Work item: Give the listing back in full, exactly as written, with the pictures removed.

Dataset content:
.....

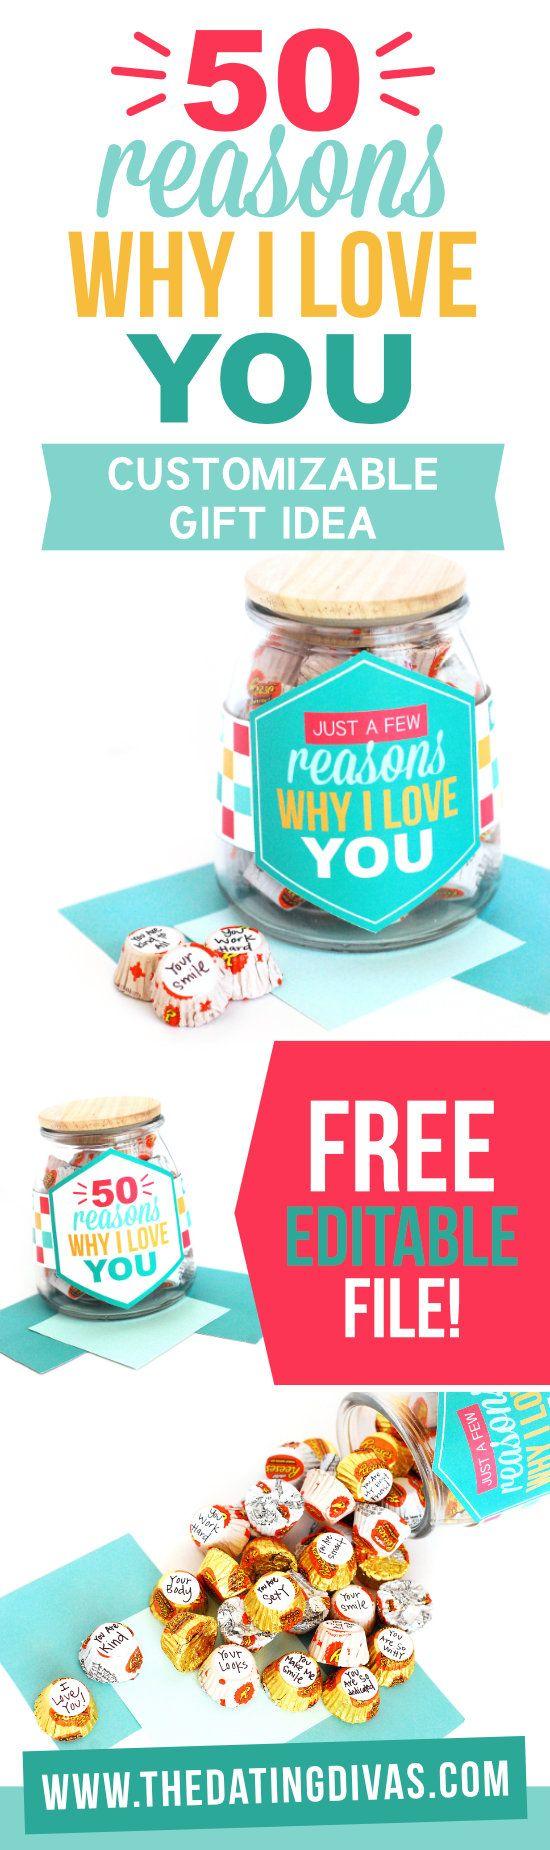 50 Reasons Why I Love Gift Idea #easygift #romanticidea
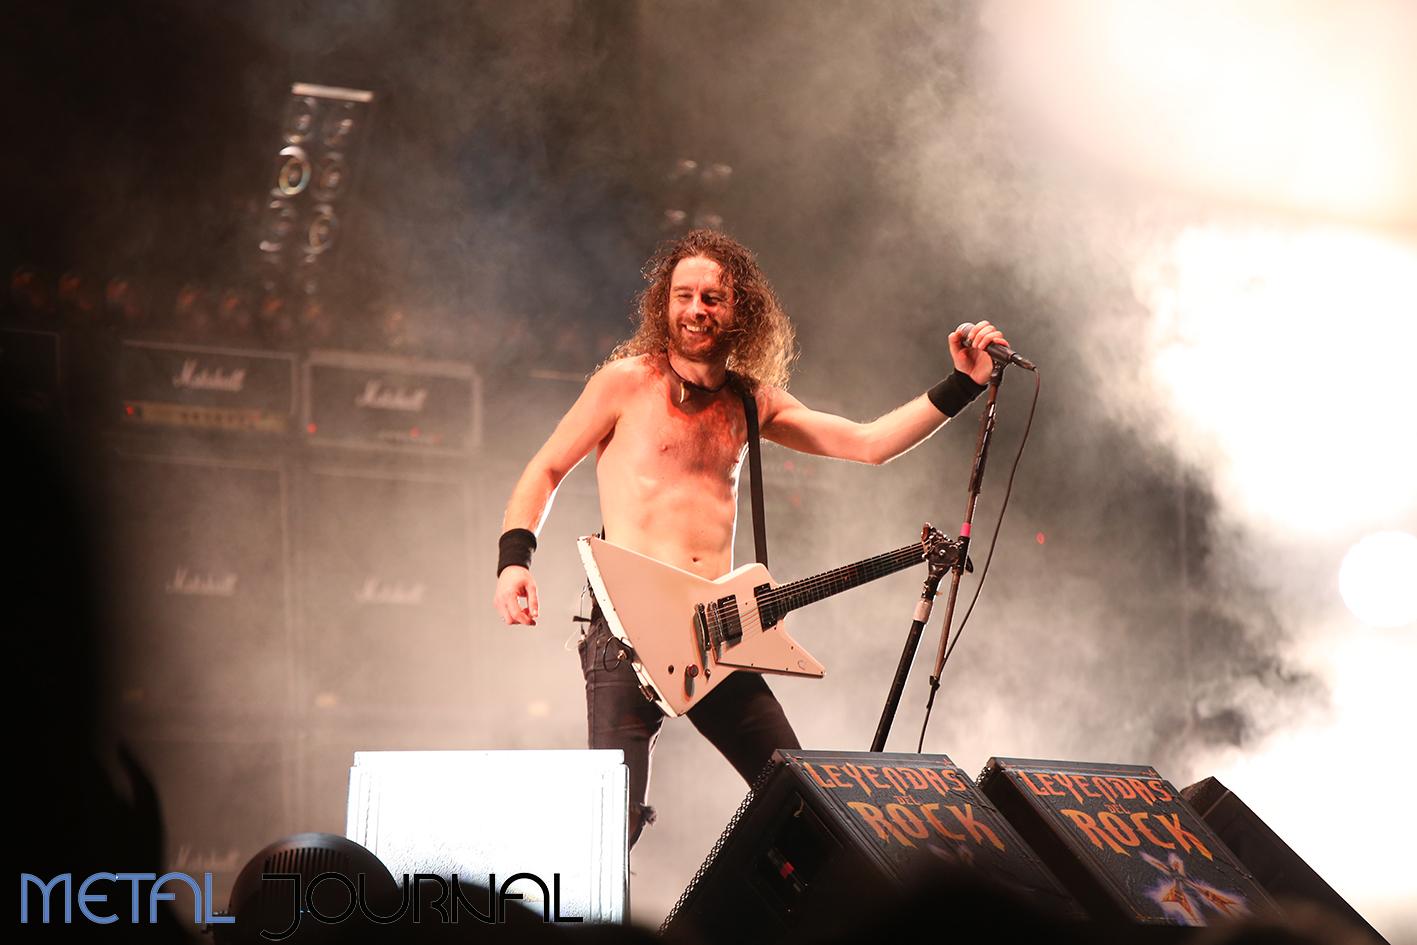 airbourne - leyendas del rock 2019 metal journal pic 5
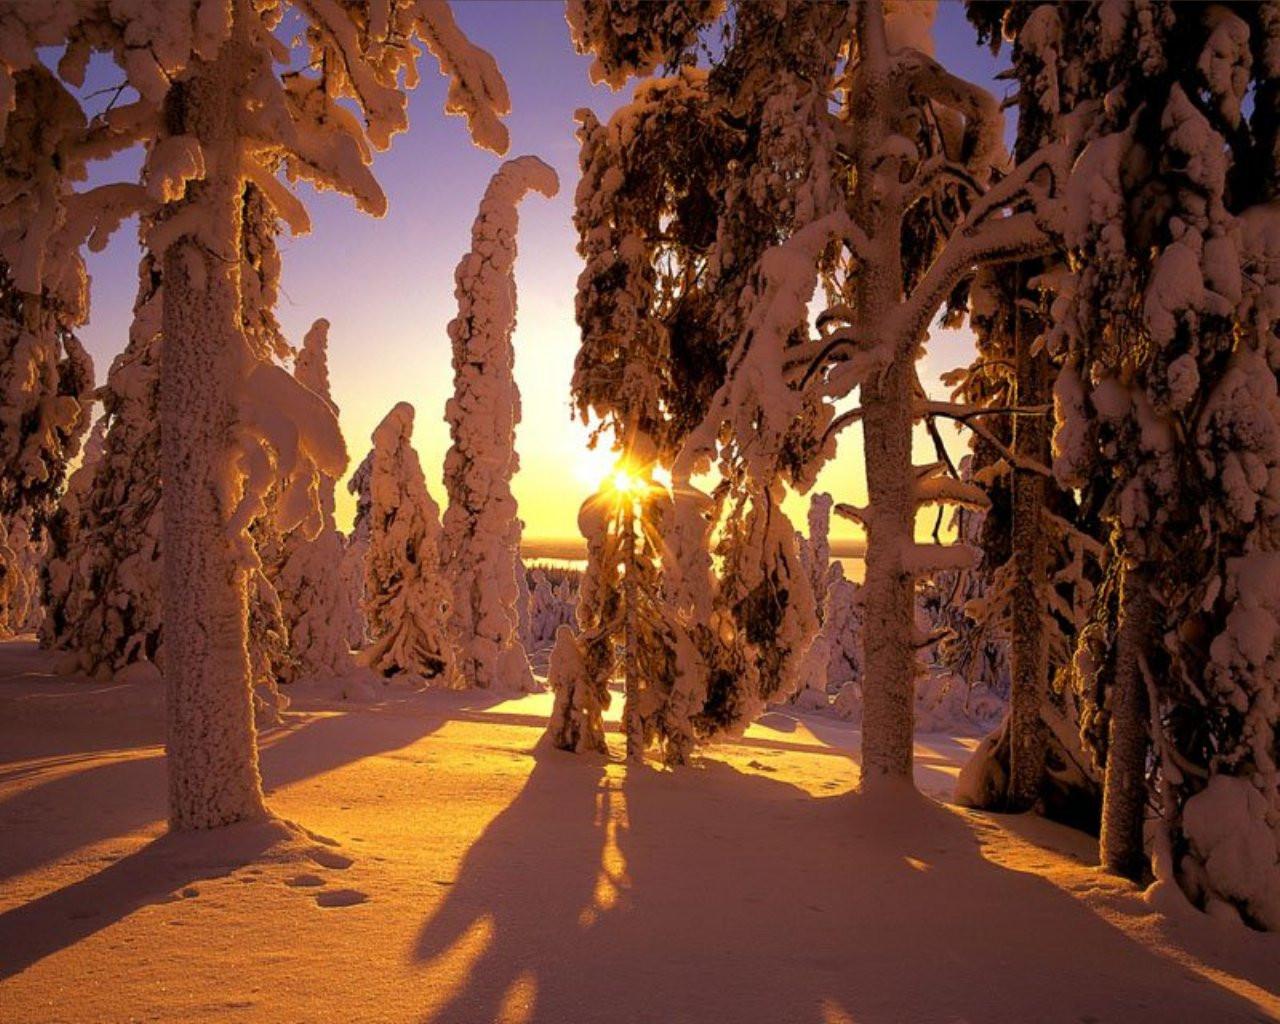 ws_Winter_forest_view_1280x1024.jpg

.....

Answer to this task:
 50 Reasons Why I Love Gift Idea #easygift #romanticidea
 airbourne - leyendas del rock 2019 metal journal pic 5
 ws_Winter_forest_view_1280x1024.jpg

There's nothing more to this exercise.